Local Lipschitz Constant Computation of ReLU-FNNs: Upper Bound Computation with Exactness Verification
Yoshio Ebihara, Xin Dai, Victor Magron, Dimitri Peaucelle, Sophie Tarbouriech
TL;DR
This work presents a comprehensive framework for computing local Lipschitz constants of ReLU-FNNs by formulating the upper bound as a semidefinite program using copositive multipliers. A dual SDP-based exactness verification is developed to certify when the computed bound is exact, and an exact model-reduction method enables scalability to networks with hundreds of ReLUs. The methodology is demonstrated on academic toy networks and a practical MNIST-style classifier, showing exactness in several cases and substantial reduction in problem size without sacrificing accuracy.

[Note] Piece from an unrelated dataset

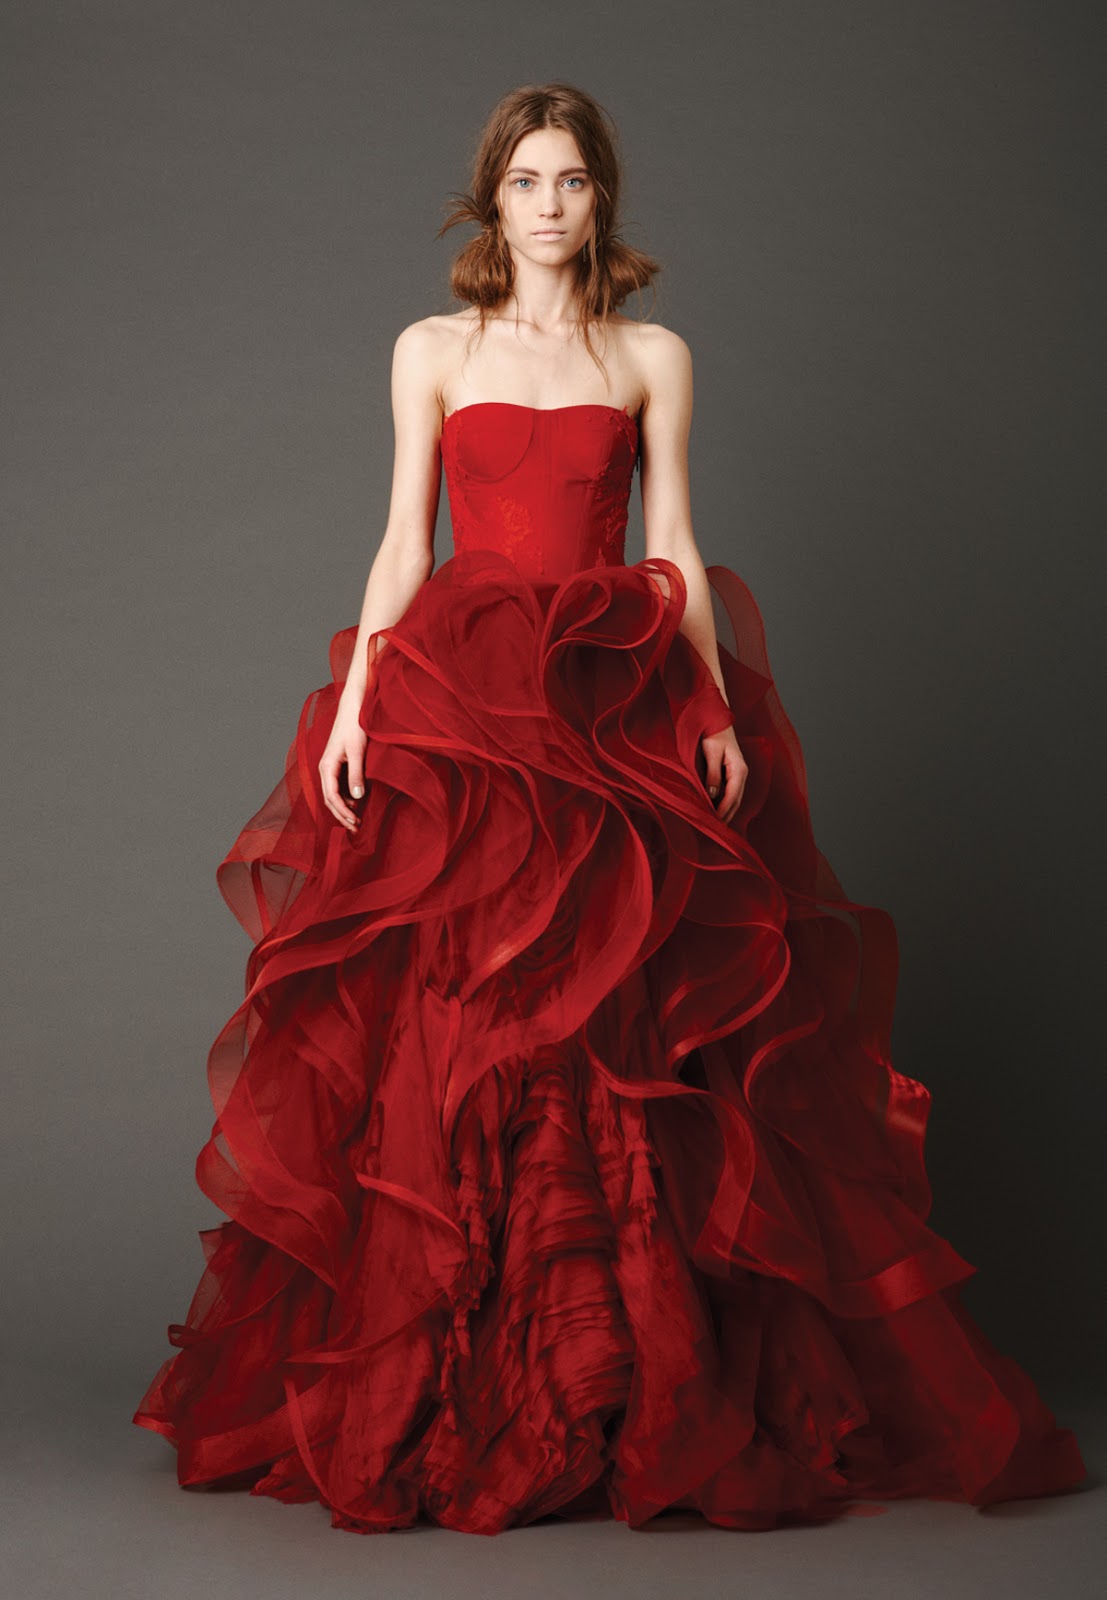 Wedding Bridesmaid Dresses Red - Perfect Choices

The results advance robustness certification by providing tight bounds and scalable tools for local sensitivity analysis of ReLU networks, with future work aimed at extending to the $L_ ext{∞}$ setting.
Abstract
This paper is concerned with the computation of the local Lipschitz constant of feedforward neural networks (FNNs) with activation functions being rectified linear units (ReLUs). The local Lipschitz constant of an FNN for a target input is a reasonable measure for its quantitative evaluation of the reliability. By following a standard procedure using multipliers that capture the behavior of ReLUs,we first reduce the upper bound computation problem of the local Lipschitz constant into a semidefinite programming problem (SDP). Here we newly introduce copositive multipliers to capture the ReLU behavior accurately. Then, by considering the dual of the SDP for the upper bound computation, we second derive a viable test to conclude the exactness of the computed upper bound. However, these SDPs are intractable for practical FNNs with hundreds of ReLUs. To address this issue, we further propose a method to construct a reduced order model whose input-output property is identical to the original FNN over a neighborhood of the target input. We finally illustrate the effectiveness of the model reduction and exactness verification methods with numerical examples of practical FNNs.